In June of 2014, Pablo Meyer went to Rockefeller University in New York City to give a talk about open data. He leads the Translational Systems Biology and Nanobiotechnology group at IBM Research and also guides so-called DREAM challenges, or Dialogue for Reverse Engineering Assessments and Methods. These projects crowdsource the development of algorithms from open data to make predictions for all manner of medical and biological problems—for example, prostate cancer survival or how quickly ALS patients’ symptoms will progress. Andreas Keller, a neuroscientist at Rockefeller, was in the audience that day, and afterward he emailed Meyer with an offer and a request. “He said, ‘We have this data set, and we don’t model,’” recalls Meyer. “‘Do you think you could organize a competition?’”
The data set Keller had been building was far from ordinary. It was the largest collection of odor perceptions of its kind—dozens of volunteers, each having made 10 visits to the lab, described 476 different smells using 19 descriptive words (including sweet, urinous, sweaty, and warm), along with the pleasantness and intensity of the scent. Before Keller’s database, the go-to catalog at researchers’ disposal was a list of 10 odor compounds, described by 150 participants using 146 words, which had been developed by pioneering olfaction scientist Andrew Dravnieks more than three decades earlier.
Meyer was intrigued, so he asked Keller for the data. Before launching a DREAM challenge, Meyer has to ensure that the raw data provided to competitors do indeed reflect some biological phenomenon. In this case, he needed to be sure that algorithms could determine what a molecule might smell like when only its chemical characteristics were fed in. There were more than 4,800 molecular features for each compound, including structural properties, functional groups, chemical compositions, and the like. “We developed a simple linear model just to see if there’s a signal there,” Meyer says. “We were very, very surprised we got a result. We thought there was a bug.”
In January 2015, the call went out to modelers to join a competition for designing the best model from data on 69 odors to predict their scent profiles. Eighteen teams submitted algorithms. They performed fairly well at estimating the presence of certain qualities in an odor—garlicky, fishy, sweet, or burnt, for example—and especially well at predicting how intense or pleasant a smell would be. “It’s a very impressive effort to collect this much data, and it allowed them to model responses and descriptors better than has been done before,” says Kobi Snitz, a modeling specialist in Noam Sobel’s olfaction research group at the Weizmann Institute of Science in Rehovot, Israel, who did not participate in the competition.

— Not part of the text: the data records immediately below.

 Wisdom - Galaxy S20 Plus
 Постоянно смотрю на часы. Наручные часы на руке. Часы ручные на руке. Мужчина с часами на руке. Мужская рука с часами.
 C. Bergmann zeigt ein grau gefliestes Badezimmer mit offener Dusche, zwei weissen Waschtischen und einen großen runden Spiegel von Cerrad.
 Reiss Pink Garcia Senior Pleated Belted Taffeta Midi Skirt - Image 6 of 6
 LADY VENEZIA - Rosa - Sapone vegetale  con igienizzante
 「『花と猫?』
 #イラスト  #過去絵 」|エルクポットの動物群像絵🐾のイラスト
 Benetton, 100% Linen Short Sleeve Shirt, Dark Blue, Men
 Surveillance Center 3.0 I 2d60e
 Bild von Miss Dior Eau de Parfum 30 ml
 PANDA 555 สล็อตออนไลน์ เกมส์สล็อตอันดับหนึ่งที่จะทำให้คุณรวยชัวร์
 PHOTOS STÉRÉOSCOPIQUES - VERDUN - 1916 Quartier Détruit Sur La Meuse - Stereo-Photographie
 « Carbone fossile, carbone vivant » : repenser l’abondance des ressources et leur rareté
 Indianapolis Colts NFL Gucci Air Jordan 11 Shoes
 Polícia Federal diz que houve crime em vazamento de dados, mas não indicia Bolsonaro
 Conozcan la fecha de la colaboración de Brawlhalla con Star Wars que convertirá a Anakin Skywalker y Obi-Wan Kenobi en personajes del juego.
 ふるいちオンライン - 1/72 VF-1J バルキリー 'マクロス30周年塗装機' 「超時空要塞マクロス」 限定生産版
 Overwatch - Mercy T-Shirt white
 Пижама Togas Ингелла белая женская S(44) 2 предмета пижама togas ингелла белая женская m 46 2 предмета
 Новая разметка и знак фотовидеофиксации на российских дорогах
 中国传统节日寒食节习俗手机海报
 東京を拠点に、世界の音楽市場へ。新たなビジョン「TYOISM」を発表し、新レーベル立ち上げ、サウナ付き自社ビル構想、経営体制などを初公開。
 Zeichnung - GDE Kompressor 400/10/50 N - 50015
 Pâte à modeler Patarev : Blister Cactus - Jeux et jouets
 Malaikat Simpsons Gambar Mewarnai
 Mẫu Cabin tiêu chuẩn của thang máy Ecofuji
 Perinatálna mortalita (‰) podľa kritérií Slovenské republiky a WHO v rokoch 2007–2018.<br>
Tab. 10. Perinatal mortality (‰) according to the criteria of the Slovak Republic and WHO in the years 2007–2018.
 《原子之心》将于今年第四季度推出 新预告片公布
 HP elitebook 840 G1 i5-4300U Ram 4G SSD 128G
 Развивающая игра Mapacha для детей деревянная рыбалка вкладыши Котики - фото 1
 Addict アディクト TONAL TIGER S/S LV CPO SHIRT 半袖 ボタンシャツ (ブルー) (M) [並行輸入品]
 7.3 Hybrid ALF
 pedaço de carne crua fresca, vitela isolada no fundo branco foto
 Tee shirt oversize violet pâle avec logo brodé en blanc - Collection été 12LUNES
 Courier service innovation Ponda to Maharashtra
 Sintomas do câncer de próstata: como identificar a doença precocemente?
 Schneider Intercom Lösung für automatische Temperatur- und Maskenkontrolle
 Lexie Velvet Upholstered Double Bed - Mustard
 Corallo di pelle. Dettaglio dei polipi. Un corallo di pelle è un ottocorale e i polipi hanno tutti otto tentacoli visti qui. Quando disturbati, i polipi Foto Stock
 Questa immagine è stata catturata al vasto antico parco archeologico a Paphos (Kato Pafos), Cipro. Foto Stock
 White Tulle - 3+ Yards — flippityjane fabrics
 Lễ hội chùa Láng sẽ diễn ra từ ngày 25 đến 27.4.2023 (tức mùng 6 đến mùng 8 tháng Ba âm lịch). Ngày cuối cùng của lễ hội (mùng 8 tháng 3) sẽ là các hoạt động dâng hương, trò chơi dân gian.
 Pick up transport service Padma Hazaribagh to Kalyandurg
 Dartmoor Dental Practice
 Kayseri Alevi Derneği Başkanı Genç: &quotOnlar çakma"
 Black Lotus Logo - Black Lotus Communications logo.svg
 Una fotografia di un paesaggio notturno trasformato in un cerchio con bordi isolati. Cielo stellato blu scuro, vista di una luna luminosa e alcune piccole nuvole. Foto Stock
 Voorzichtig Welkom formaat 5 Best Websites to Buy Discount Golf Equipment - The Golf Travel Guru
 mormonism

See "May the Best Model Win" to read more about DREAM challenges.
One of the results that surprised Meyer most was the second-place performance of a linear model. That algorithm took different parts of each molecule and generated predictions of how each bit would smell—one part might evoke a bakery, for instance, and another, grass. Meyer speculates that this may reflect something fundamental about olfaction and the way odors interact with receptors. Rather than an entire molecule matching a distinct receptor, perhaps it interacts with numerous receptors, with each responding to these various molecular subunits.
Although his data set contained thousands of molecular features, Keller says very few were required to describe each molecule’s smell. “If you know the features of the molecule that make something smell like garlic, you can look at those few and have a pretty good prediction,” he says. “A nice step would be to see how that relates to the binding of odor molecules to odor receptors. If you only have a few features that are important, it becomes a more tractable problem.”
Keller says there’s no consensus in the olfaction field about how the sense works. “The basic science issue is we really have no idea what’s in the odor that makes us [perceive a certain smell],” agrees Johan Lundström, who leads olfactory research groups at the Karolinska Institute in Stockholm and the Monell Chemical Senses Center in Philadelphia. Keller’s database could offer some insight as researchers continue to probe it (the team has made it publicly available), but there’s a limitation: it only includes pure odors, rather than mixtures. “Most odors are not monomolecular,” says Lundström. “Ninety-nine-point-nine percent are complicated mixtures that consist of anywhere from two to 500 different chemicals.”
Several years ago, Snitz and colleagues developed an algorithm to predict the similarity of certain odor mixtures (PLOS Comp Biol, 9:e1003184, 2013). “It turned out that the model works better when mixtures are represented as a single entity rather than as a collection of distinct components,” Snitz says.
Keller is already working on a data set of odor mixtures, using an approach similar to Snitz’s study, but asking study subjects to rate similarities between different smells, rather than to use semantic descriptors. Until this collection is ready, researchers can play around with the data set used in the DREAM challenge. And for eager modelers, Meyer and other DREAM leaders create new challenges every six months. “It’s a very nice idea to have this kind of competition,” says Lundström. “Scientists are naturally competitive. This way you can use that competition to do something great for the community.”